- Born: 9 September 1930 Skrylevo, Moscow Oblast, RSFSR, USSR (now in Tver Oblast, Russia)
- Died: 14 June 2011 (aged 80) Alyokhnovo, Istrinsky District, Moscow Oblast, Russia
- Children: Sergei Vinogradov
- Writing career
- Language: Russian language

= Aleksandr Vinogradov (writer) =

Aleksandr Aleksandrovich Vinogradov (Алекса́ндр Алекса́ндрович Виногра́дов; September 9, 1930 – June 14, 2011) was a Soviet and Russian journalist and writer. He was the editor-in-chief and director of the Detskaya Literatura publishing house.

==Early life==
Aleksandr Vinogradov was born in 1930 in Skrylevo, then a village in Moscow Oblast (now in Tver Oblast). In 1935 he supercooled his ears and had to go through an operation, as a result of which, however, he was able to keep his hearing. His younger cousin Dmitry (born 1931), who had also supercooled his ears, was unable to survive the operation and died. He soon moved to Leningrad where he went to school. However, in 1941, after the city had been surrounded by the German army, he managed to escape with his mother and sisters. His father, Aleksandr, stayed and died from hunger in early 1942. Aleksandr Jr. returned to his village, which became part of the newly formed Kalinin Oblast. During the war he worked at a kolkhoz called the Dawn of the Communes (Zarya Kommun). After the end of the war, he resumed his studies at school but had to take a sabbatical in 1947, when he got sick with tuberculosis. However, he was able to survive the life-threatening disease and came back to school.

==Professional career==
In 1950 Aleksandr Vinogradov entered the journalism faculty of the Leningrad State University. Upon graduation in 1955, he became a correspondent for the Red Kurgan (Krasnyy Kurgan) newspaper and moved to Kurgan. In 1957 he became an editor for the Young Leninets (Molodoy Leninets) newspaper. In 1959 he had his first trip abroad to China.

In 1960 Aleksandr Vinogradov was transferred to Moscow. He became an instructor in the propaganda and campaigning department of the Komsomol. In 1962 he became deputy editor of the Komsomol life department for the Komsomolskaya Pravda daily. In 1963 he was appointed editor of the Our relatives (Nashy rodnye) department of the Vokrug Sveta magazine. This department was responsible for animal stories. In 1964 he became editor-in-chief of the Young Naturalist (Yunyy Naturalist) magazine. At the same time, he began writing stories, mostly describing his foreign trips and the impressions he got from visiting the different countries, such as the United States (Rock and Roll on the Knees), China (On the Shore of the Mighty Yangtze), Japan (The Bitter Smile of the Samurai), Mexico (Aztecs: The 20th Century).

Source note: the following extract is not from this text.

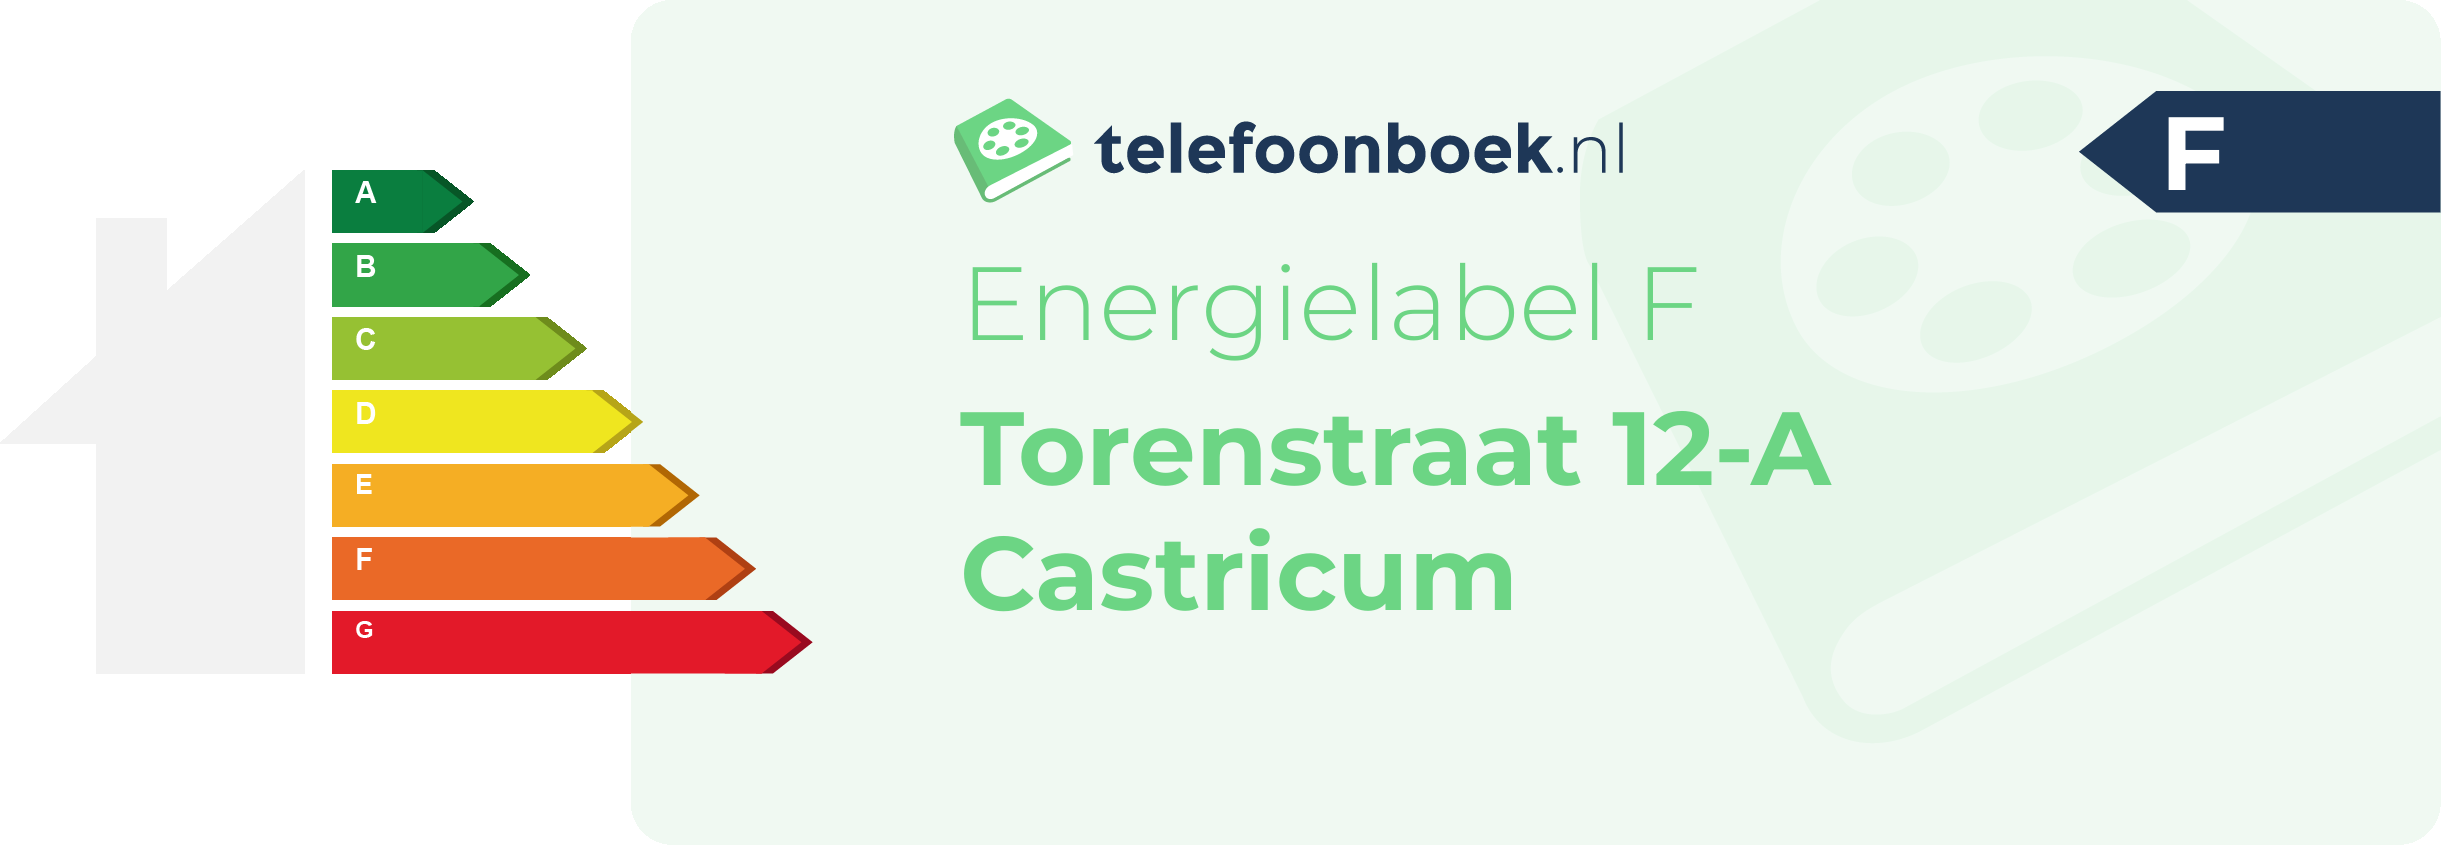 Energielabel Torenstraat 12-A Castricum

In January 1975 Aleksandr Vinogradov became editor-in-chief of the Children's Literature magazine, a publishing house specializing in editing and printing works of literature for children from around the world. The Library of world literature for children was published under Vinogradov's directorship. In 1982 he became the magazine's director. In the meantime, he continued writing and moved on to more psychologically complex novels, that dealt with the issue of death and life values. It was at this time that his most famous works, At the End of the Alley (V Kontse Allei) and The Unsheathed Saber (Sablya bez Nozhen) were published. In 1984, however, Vinogradov was forced to take a break from work after suffering a heart attack. In 1985 he was transferred to the Raduga publishing house, where he took the position of deputy editor-in-chief. He retired in October 1991.

Vinogradov continued writing in the 1990s and published the stories The Misfire (Osechka) in 2001 and The Murdered Daylights (Ubityye Rassvety) in 2005.

==Personal life==
Aleksandr Vinogradov was married twice. In 1951 he married Nellya Danilova, but got divorced within a year. His second marriage proved to be much longer. In 1956 he married Elvira Belinina with whom he stayed together until his death. He had one child, born in 1958.

==Illness and death==
In December 2001 Aleksandr Vinogradov suffered a stroke which had little immediate consequences, with his eyesight and balance only slightly affected. However, he soon began to develop a glaucoma on the retina of his right eye, hampering his ability to see and write. In the late 2000s he started to develop brain ischemia, leading to problems with memory, judgment and gait. Possibly affected by his son's death, his condition severely worsened in May 2011, when he became unable to stand and started experienced hallucinations. He was placed in a hospital, but that only provided temporary relief and upon discharge, his range of debilitating symptoms returned. He died on June 14, 2011, at his dacha in the village of Alyokhnovo in the Istrinsky District of Moscow Oblast, where he was being taken care of by his wife. A burial ceremony took place on June 16, 2011, and he was cremated soon afterwards. His funerary urn was placed into the crematorium wall of Troyekurovskoye Cemetery.